The Principal Software Validation Subject Matter Expert (SME) provides strategic and technical leadership for validation of GxP computerized systems and governance of cleaning validation programs across pharmaceutical manufacturing operations. This role ensures systems are validated and maintained in compliance with FDA, EMA, and global regulatory requirements using risk-based, lifecycle-driven approaches aligned with GAMP 5 and FDA CSA guidance.

Key Responsibilities:

Validation Strategy & Technical Leadership

Act as the enterprise-level SME for GxP software validation and computerized system validation (CSV/CSA).
Define and govern validation strategies for enterprise, manufacturing, laboratory, and quality systems, including serialization, labeling, and track-and-trace systems
Establish and maintain validation SOPs, templates, and standards aligned with GAMP5 and CSA principles.
Establish scientifically sound, risk-based approaches for:
Equipment cleaning (shared and dedicated)
Manual and automated cleaning processes (CIP/SIP/COP)
Campaign and product changeover strategies
Lead validation approach decisions for high-risk, novel, or complex systems.

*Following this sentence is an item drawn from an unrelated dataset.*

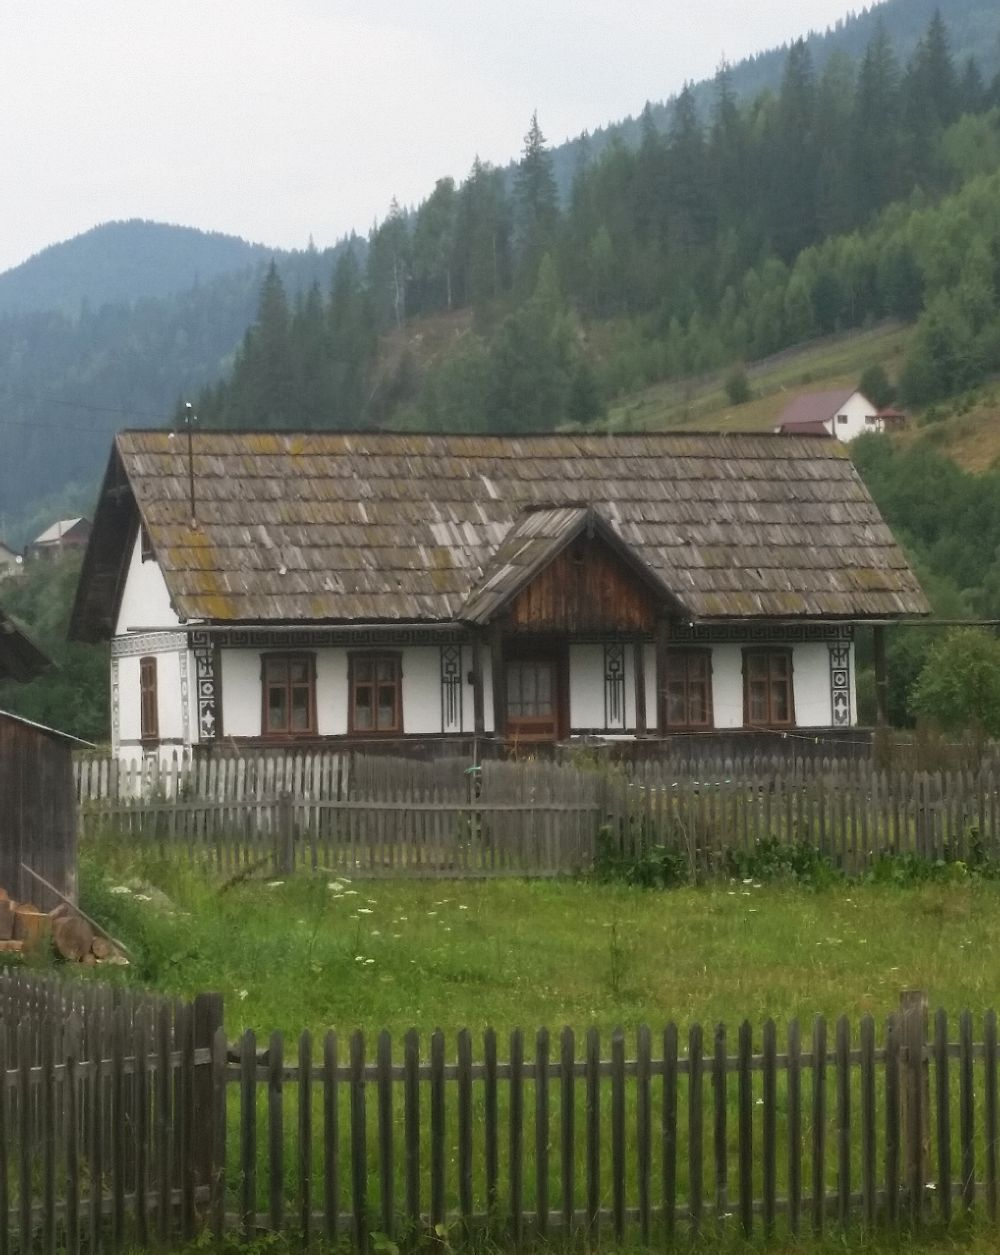 adelaparvu.com despre Ciocanesti, case cu motive traditionale, Bucovina, Romania (55)

Regulatory Compliance & Inspection Readiness

Ensure compliance with global regulations and guidance, including:
FDA 21 CFR Parts 11, 210, 211
EU GMP Annex 11
ICH Q9 (Quality Risk Management)
GAMP 5 (2nd Edition) and FDA CSA guidance
Serve as primary SME during FDA, EMA, MHRA, and internal audits.
Provide authoritative responses to regulatory observations related to computerized systems.
Interpret new or evolving regulations and translate them into actionable validation practices.

System Lifecycle & Risk Management

Oversee validation activities, including cleaning validation, across the full system lifecycle:

Intended use and GxP impact assessments
Risk assessments (data integrity, patient safety, product quality)
Test strategy definition (IQ/OQ/PQ or CSA-based testing)
Traceability and validation summary reports
Product and equipment risk assessments
Worst-case product and residue selection
Acceptance limit calculations (HBEL/PDE-based)
Method selection and validation coordination
Validation execution, reporting, and continued verification
Ensure ongoing compliance through change control, periodic review, and system retirement activities.

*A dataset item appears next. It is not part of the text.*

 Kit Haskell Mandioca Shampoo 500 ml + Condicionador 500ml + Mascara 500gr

Data Integrity & Part 11 Compliance

Ensure systems meet ALCOA+ data integrity principles.
Ensure accurate, complete, and compliant documentation supporting cleaning validation activities.

Define controls for:

Electronic records and electronic signatures
Audit trails and system security
Backup, recovery, and disaster recovery

Modern Technology & CSA Adoption

Lead validation approaches for:

Cloud and SaaS GxP systems
Agile and DevOps environments
Automated testing and continuous validation
Drive adoption of Computer Software Assurance (CSA) to reduce validation burden while maintaining compliance.

Cross-Functional Leadership & Mentorship

Collaborate with Quality, IT, Engineering, Manufacturing, QC Labs, and Regulatory Affairs.
Mentor validation engineers and quality professionals.
Influence senior leadership on validation risk, compliance posture, and remediation strategies.